Emanuel Couto
- Country (sports): Portugal
- Born: 6 August 1973 (age 52) Guarda, Portugal
- Height: 1.83 m (6 ft 0 in)
- Turned pro: 1990
- Retired: 2003
- Plays: Right-handed
- Prize money: US$ 269,001

Singles
- Career record: 15–21 (42%)
- Career titles: 0
- Highest ranking: No. 174 (22 February 1996)

Doubles
- Career record: 32–33 (49%)
- Career titles: 1
- Highest ranking: No. 91 (6 September 1997)

Grand Slam doubles results
- French Open: 2R (1997)
- Wimbledon: 2R (1997)
- US Open: 1R (1995)

Other doubles tournaments
- Olympic Games: 1R (1992, 1996)

= Emanuel Couto =

Portuguese tennis player (born 1973)

Emanuel Couto (born 6 August 1973) is a Portuguese former professional tennis player. He achieved a career-high doubles ranking of World No. 91 in 1997.
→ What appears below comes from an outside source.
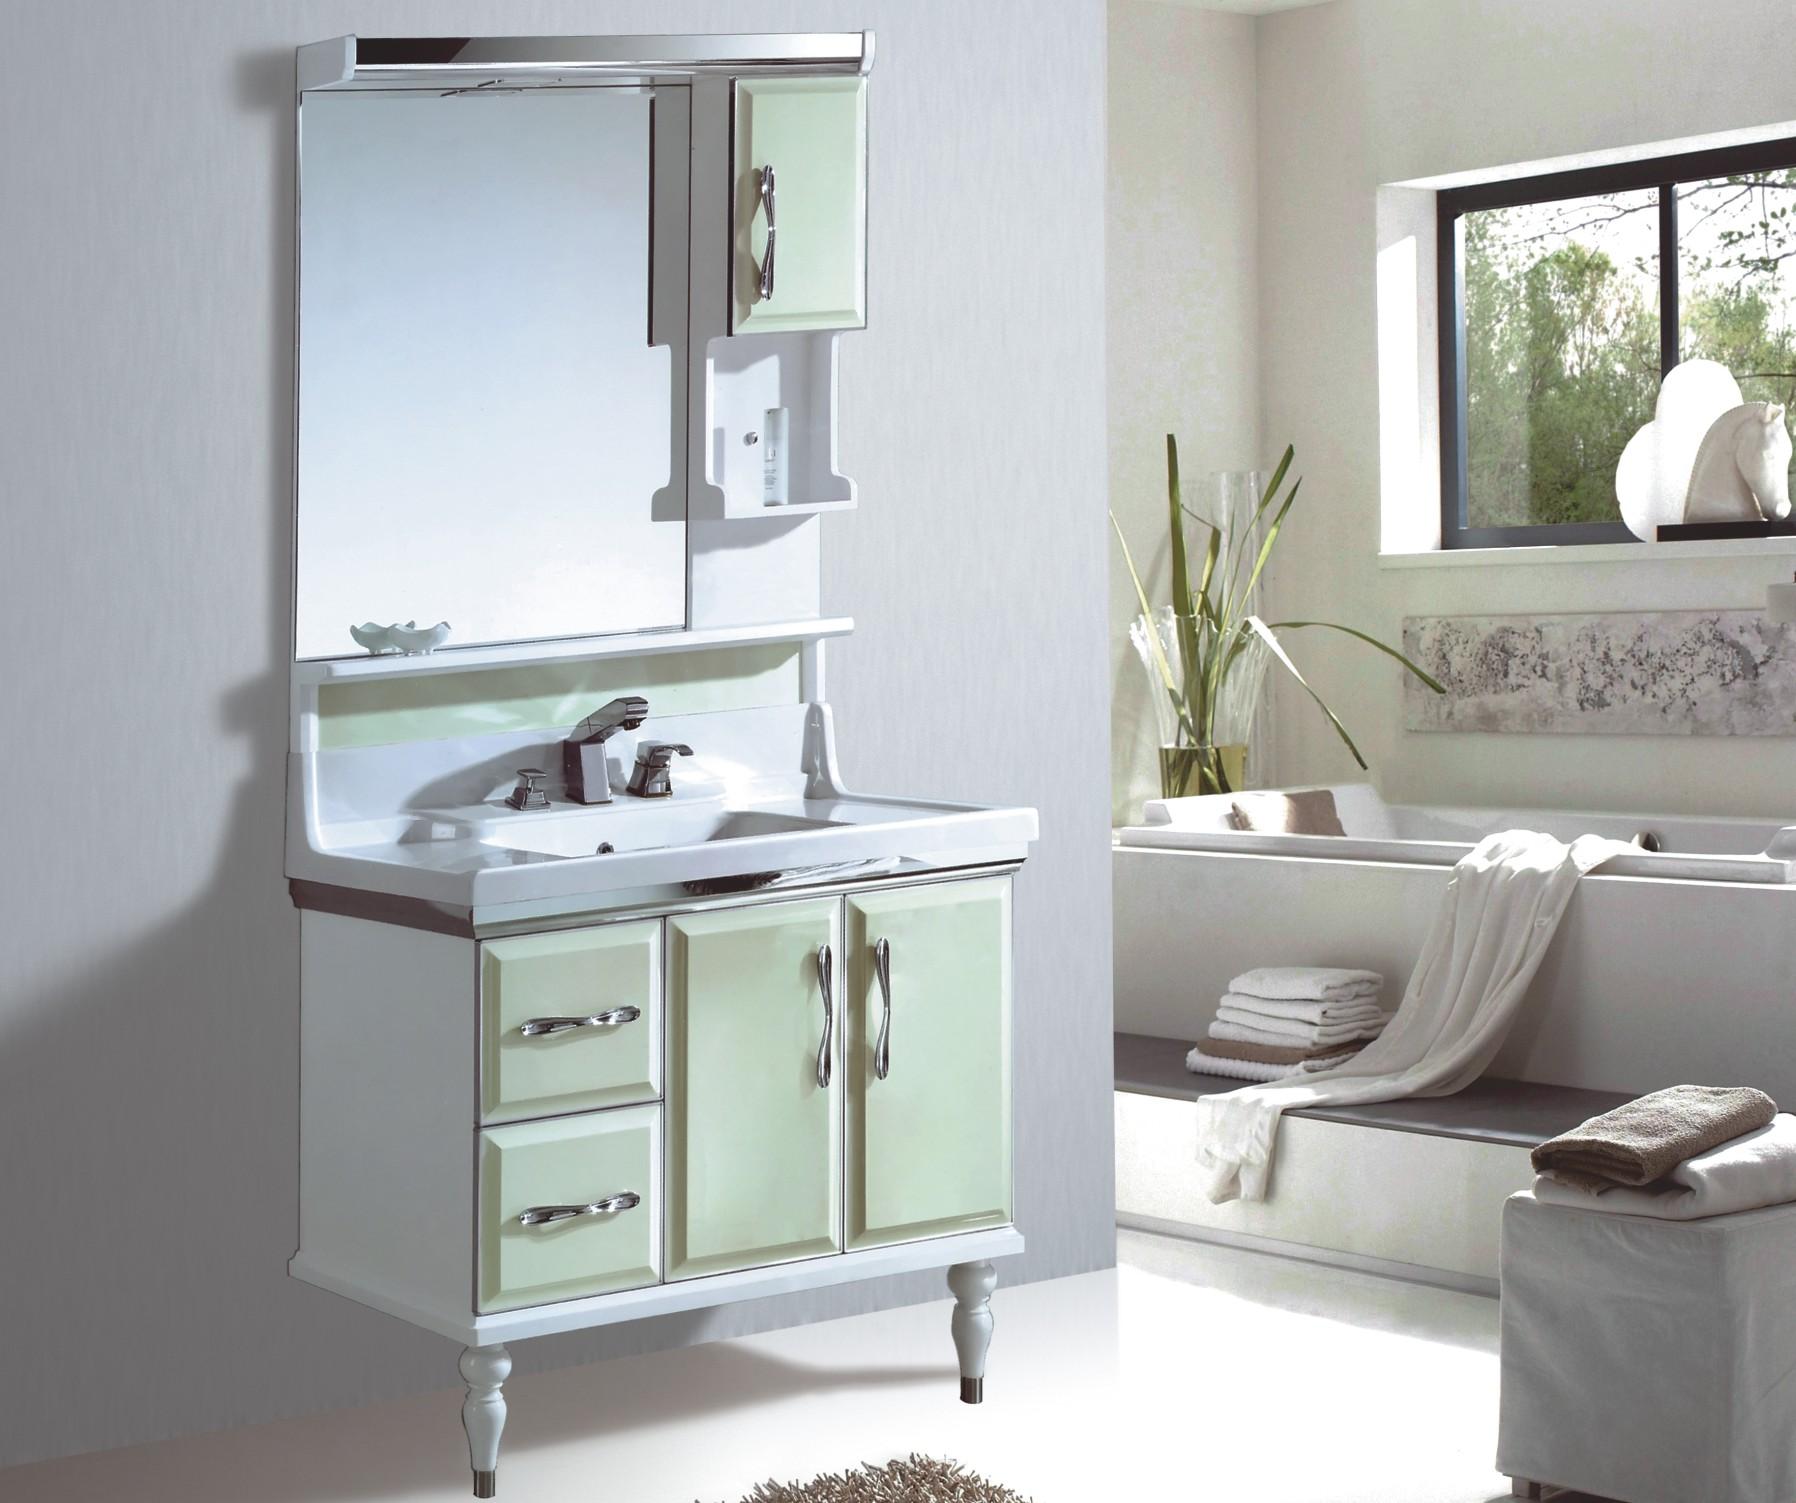 2018 Pvc Cheap Vanity Bathroom Sinks For Sale - Buy Cheap ...

The highest moment of his career was his only ATP level victory in his home country at the Oporto Open in 1996 with fellow Portuguese player and regular doubles partner Bernardo Mota.

Couto participated in 20 Davis Cup ties for Portugal from 1994 to 2003, posting a 13–5 record in doubles and an 11–10 record in singles.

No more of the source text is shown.